The second and third ANOVAs compared differences between American and Canadian standardized scores across ability classifications as outlined in the WAIS-IV manuals (Wechsler, 2008a, 2008b). The assumption of homogeneity of variance was met for classification made using Canadian norms F(5, 332) = 2.17, p = .063, but was not met for classification made using American norms F(5, 332) = 2.24, p = .050 due to unequal group sizes, with distribution of variance for the six groups ranging from 2.72 to 6.25. However, the other assumptions of ANOVA (independent samples and normal distribution) were met and given the large overall sample size and relatively small standard error values, the ANOVA and post hoc tests were interpreted.
The effect of ability classification on FSIQ difference scores was significant for classification made using both Canadian F(5, 332) = 49.80, p < .001 and American F(5, 332) = 126.24, p < .001 norms. For classification using the Canadian norms, post hoc analysis of differences scores using the Bonferroni post hoc test indicated that the average FSIQ difference was significantly greater for adults with below average FSIQ scores than for adults with average to above average FSIQ scores. For classification using American norms, post hoc analysis using the Bonferroni post hoc criterion for significance indicated that although the FSIQ difference was significantly greater for adults with average to below average FSIQ scores compared with adults with average to above average FSIQ scores, there was little discrepancy among difference scores for adults classified as Average (Low) and below.
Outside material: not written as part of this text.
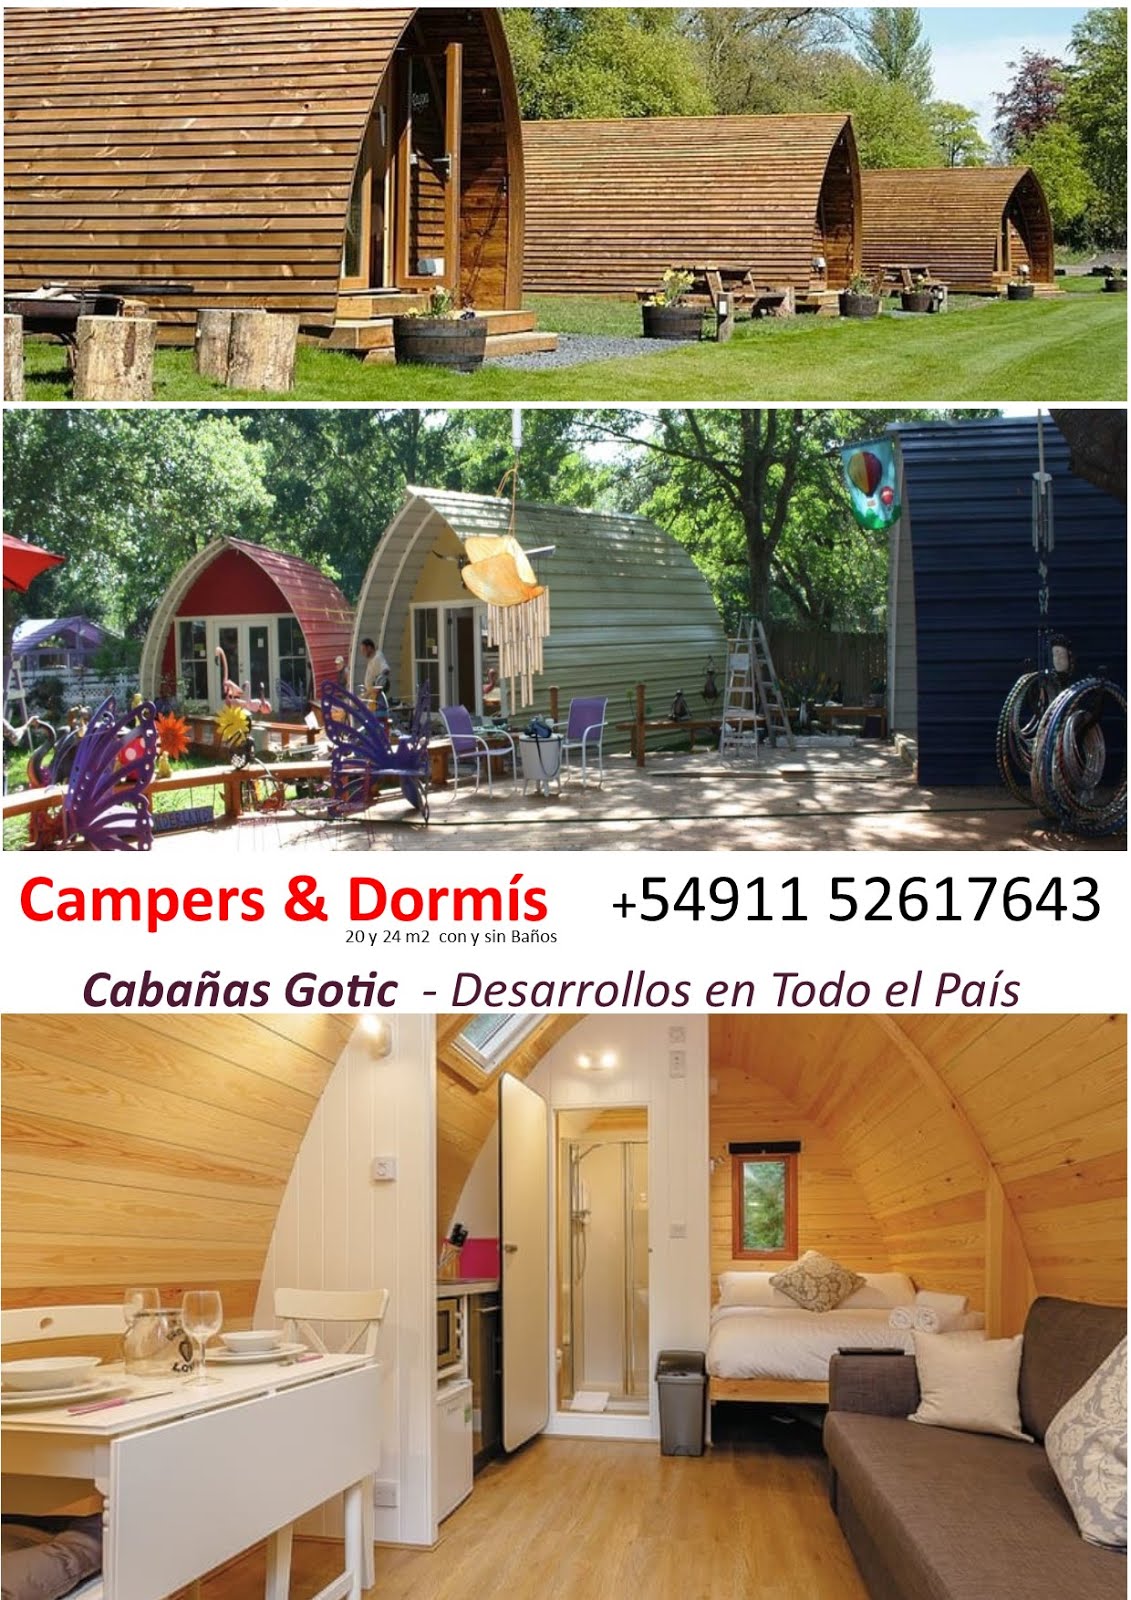 Campers & Dormis

To evaluate the interpretive differences of applying the Canadian versus American norms at an individual level, the percentage of individuals whose FSIQ difference score was greater than 1/3 SD (i.e., >5 points) or who were classified differently was calculated (Iverson et al., 2006). Within our sample, 314 individuals (78.4%) had difference scores larger than 5 points when their Canadian FSIQ score was subtracted from their FSIQ score, and 273 individuals (70.4%) received a different ability classification depending on the normative system used. Overall, 205 individuals, or 52.8% of our clinical sample, had both difference scores >5, and were classified differently depending on the normative system used.
Discussion
Results of this study are consistent with previous findings that significant differences exist between scores calculated using the WAIS-IV Canadian and American normative systems. Overall, the use of Canadian norms yielded significantly lower scores on FSIQ and across all four Indices than American norms. Consistent with previously reported findings, the largest differences were found for FSIQ and WMI and the smallest difference for the PSI (Harrison et al., 2014, 2015a). Our hypothesis that the pattern of difference would vary across ability level was supported. Consistent with past findings (Harrison et al., 2014, 2015a), differences between scores calculated using Canadian and American norms were significantly larger for individuals with lower ability classifications. Additionally, consistent with findings reported by Harrison and colleagues (2014, 2015a) as well as findings reported across the Canadian standardization sample (Wechsler, 2008a), the discrepancy between FSIQ calculated using American and Canadian norms varied across age level, with larger differences seen in individuals under the age of 44.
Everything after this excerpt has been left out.